§ The problem: Would you transcribe the whole listing exactly, minus its pictures?

§ Information supplied:
+ + +

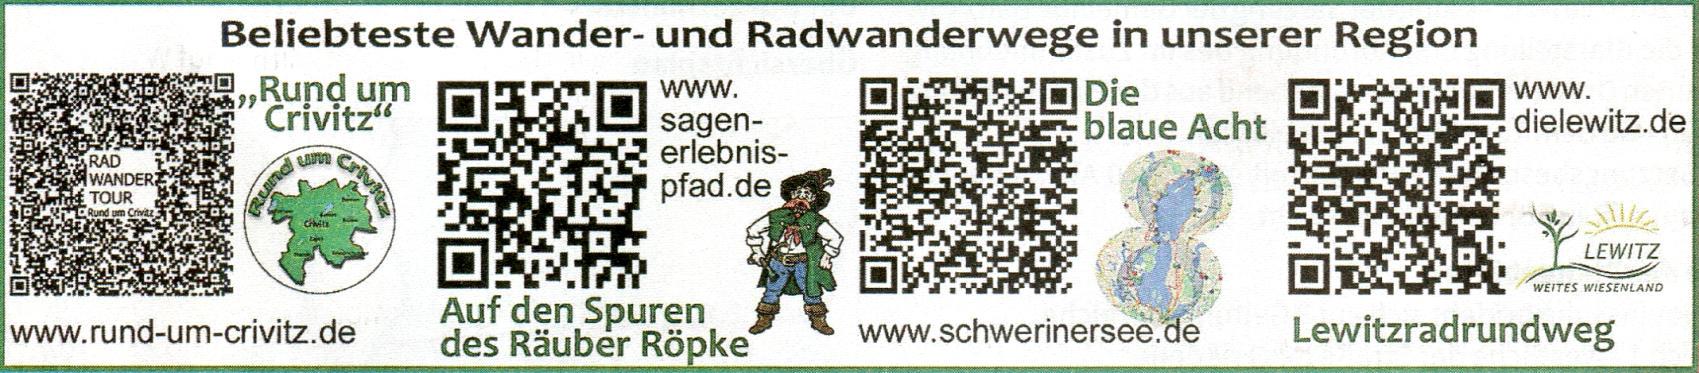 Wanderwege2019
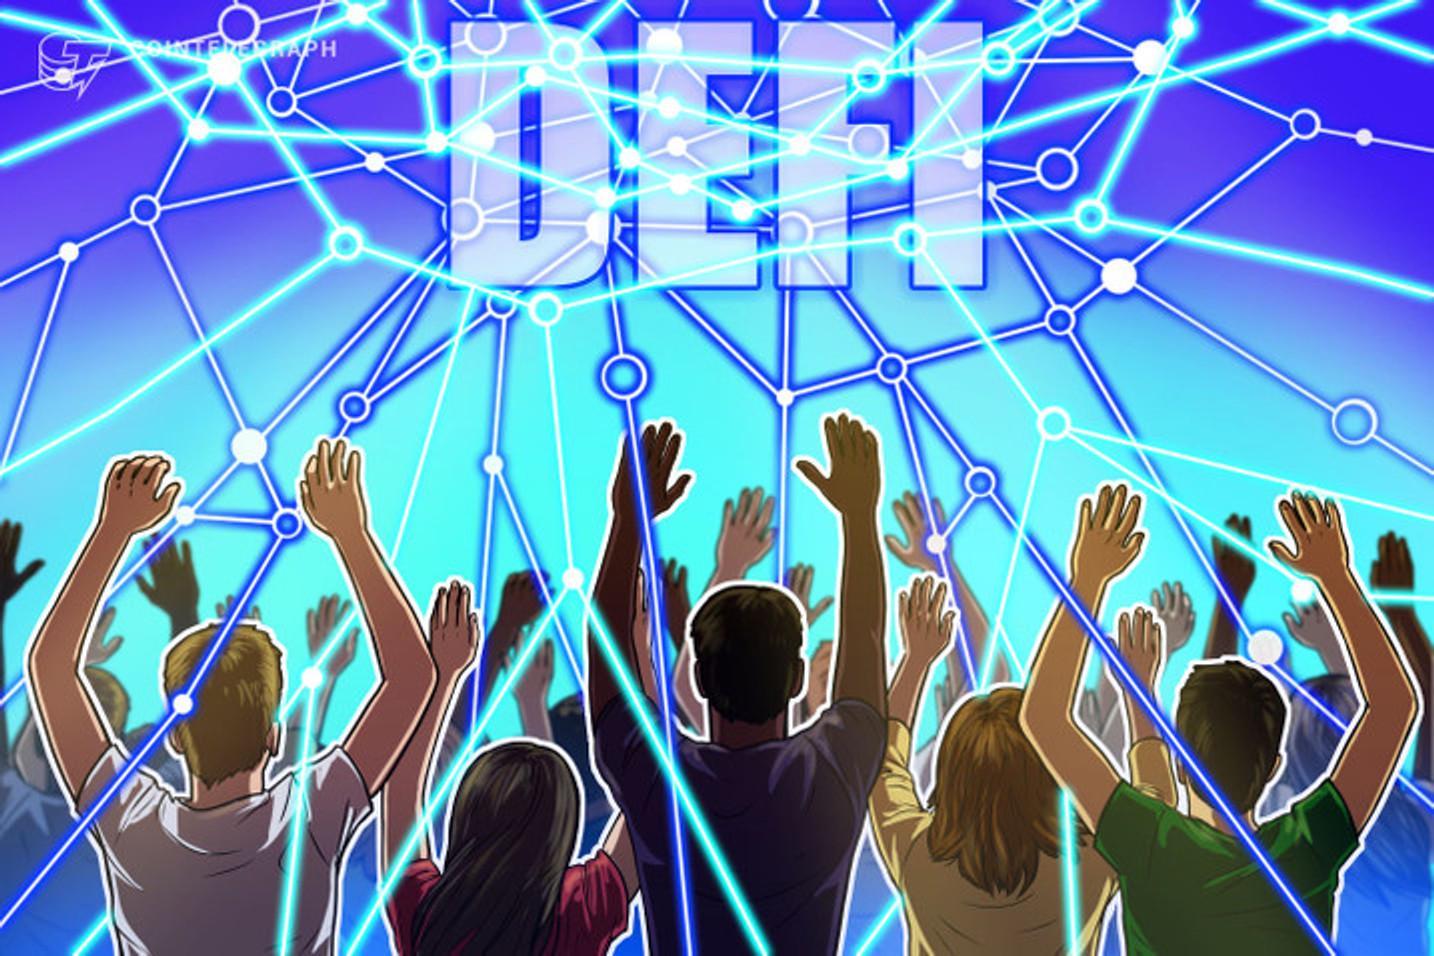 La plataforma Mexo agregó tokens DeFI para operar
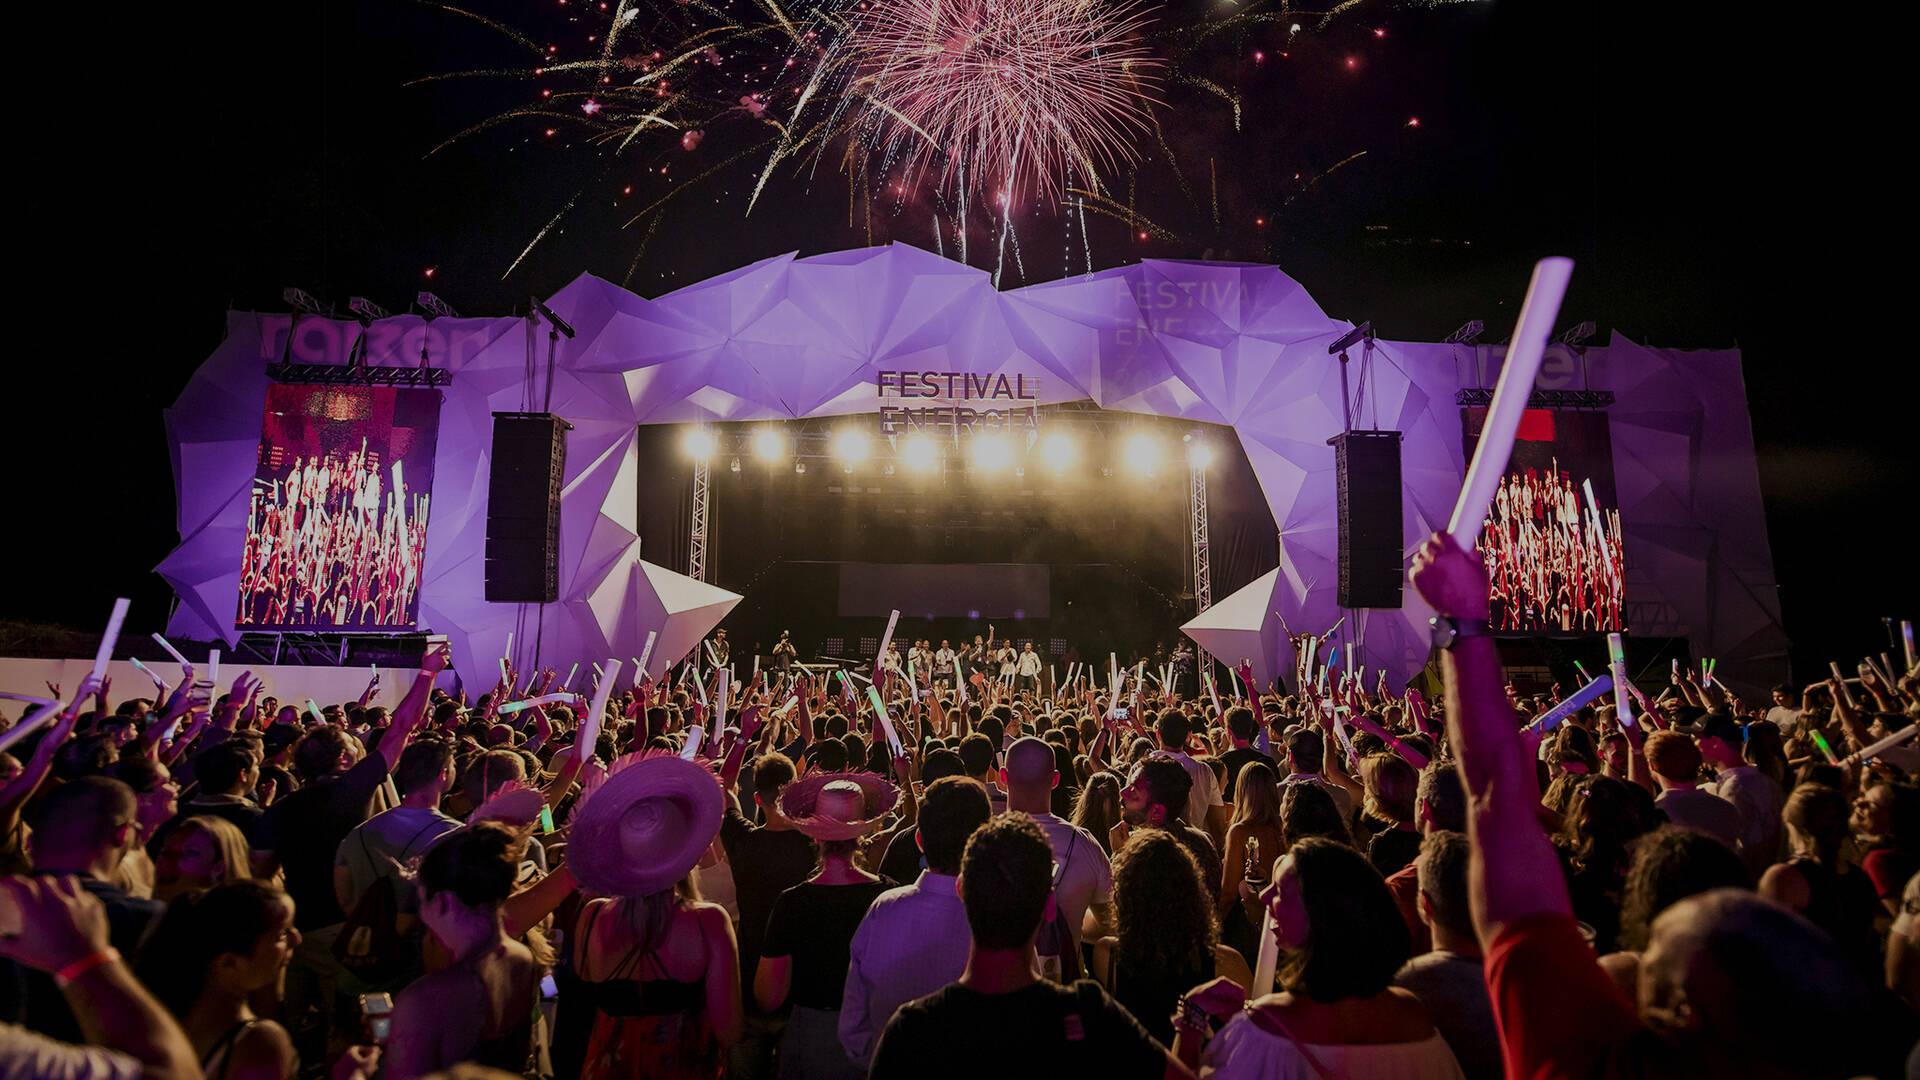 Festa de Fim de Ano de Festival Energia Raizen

+ + +

§ The answer:
 Wanderwege2019
 La plataforma Mexo agregó tokens DeFI para operar
 Festa de Fim de Ano de Festival Energia Raizen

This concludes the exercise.